Sometimes a polynomial will not have a particular factor common to every term. However, we may still be able to produce a factored form for the polynomial.

The polynomial $x^{3}+3x^{2}-6x-18$ has no single factor that is common to every term. However, we notice that if we group together the first two terms and the second two terms, we see that each resulting binomial has a particular factor common to both terms.

Factor ${x}^{2}$ out of the first two terms, and factor $-6$ out of the second two terms.

${x}^{2}\left(x+3\right)\text{\hspace{0.17em}}-6\left(x+3\right)$

Now look closely at this binomial. Each of the two terms contains the factor $\left(x+3\right)$ .

Factor out $\left(x+3\right)$ .
$\left(x+3\right)\text{\hspace{0.17em}}\left({x}^{2}-6\right)$ is the final factorization.

${x}^{3}+3{x}^{2}-6x-18=\text{\hspace{0.17em}}\left(x+3\right)\text{\hspace{0.17em}}\left({x}^{2}-6\right)$

## Knowing when to try the grouping method

We are alerted to the idea of grouping when the polynomial we are considering has either of these qualities:

1. no factor common to all terms
2. an even number of terms

When factoring by grouping, the sign $\left(+\text{\hspace{0.17em}}\text{or}\text{\hspace{0.17em}}-\right)$ of the factor we are taking out will usually (but not always) be the same as the sign of the first term in that group.

## Sample set a

Factor $8{a}^{2}{b}^{4}-4{b}^{4}+14{a}^{2}-7$ .
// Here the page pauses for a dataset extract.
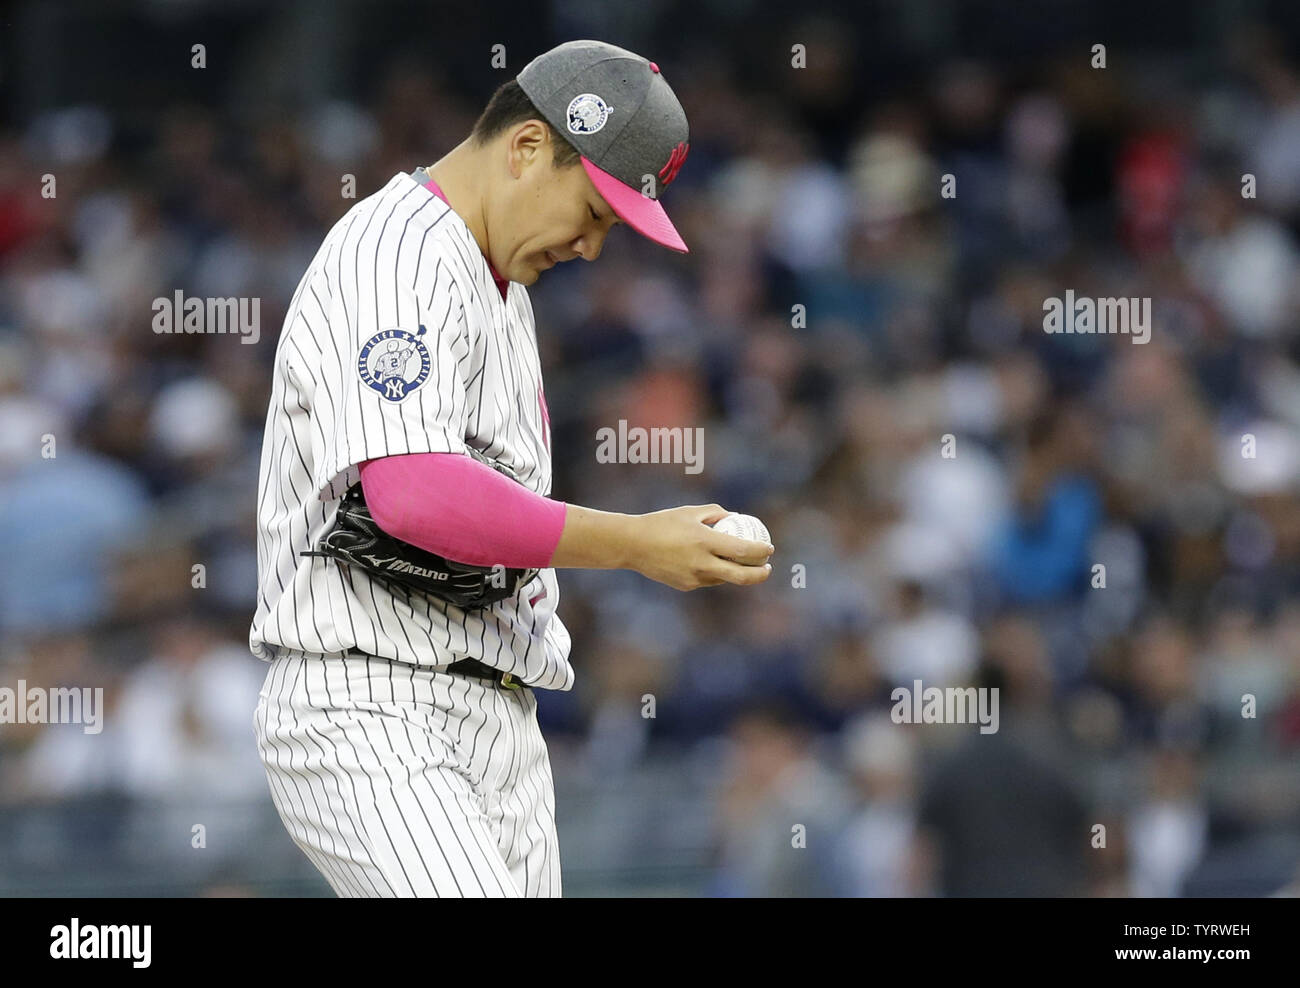 New York Yankees starting pitcher Masahiro Tanaka reacts after giving up a lead off home run to Houston Astros George Springer in the first inning at Yankee Stadium in New York City on May 14, 2017. The New York Yankees former shortstop Derek Jeter before the game had his No. 2 retired and was also honored with a plaque in Monument Park.     Photo by John Angelillo/UPI Stock Photo

1. We notice there is no factor common to all terms.
2. We see there are four terms, an even number.
3. We see that terms 1 and 2 have $+4{b}^{4}$ in common (since the 1st term in the group is $+8{a}^{2}{b}^{4}\right)$ .
4. We notice that the 3rd and 4th terms have $+7$ in common (since the 1st term in the group is $+14{a}^{2}$ ).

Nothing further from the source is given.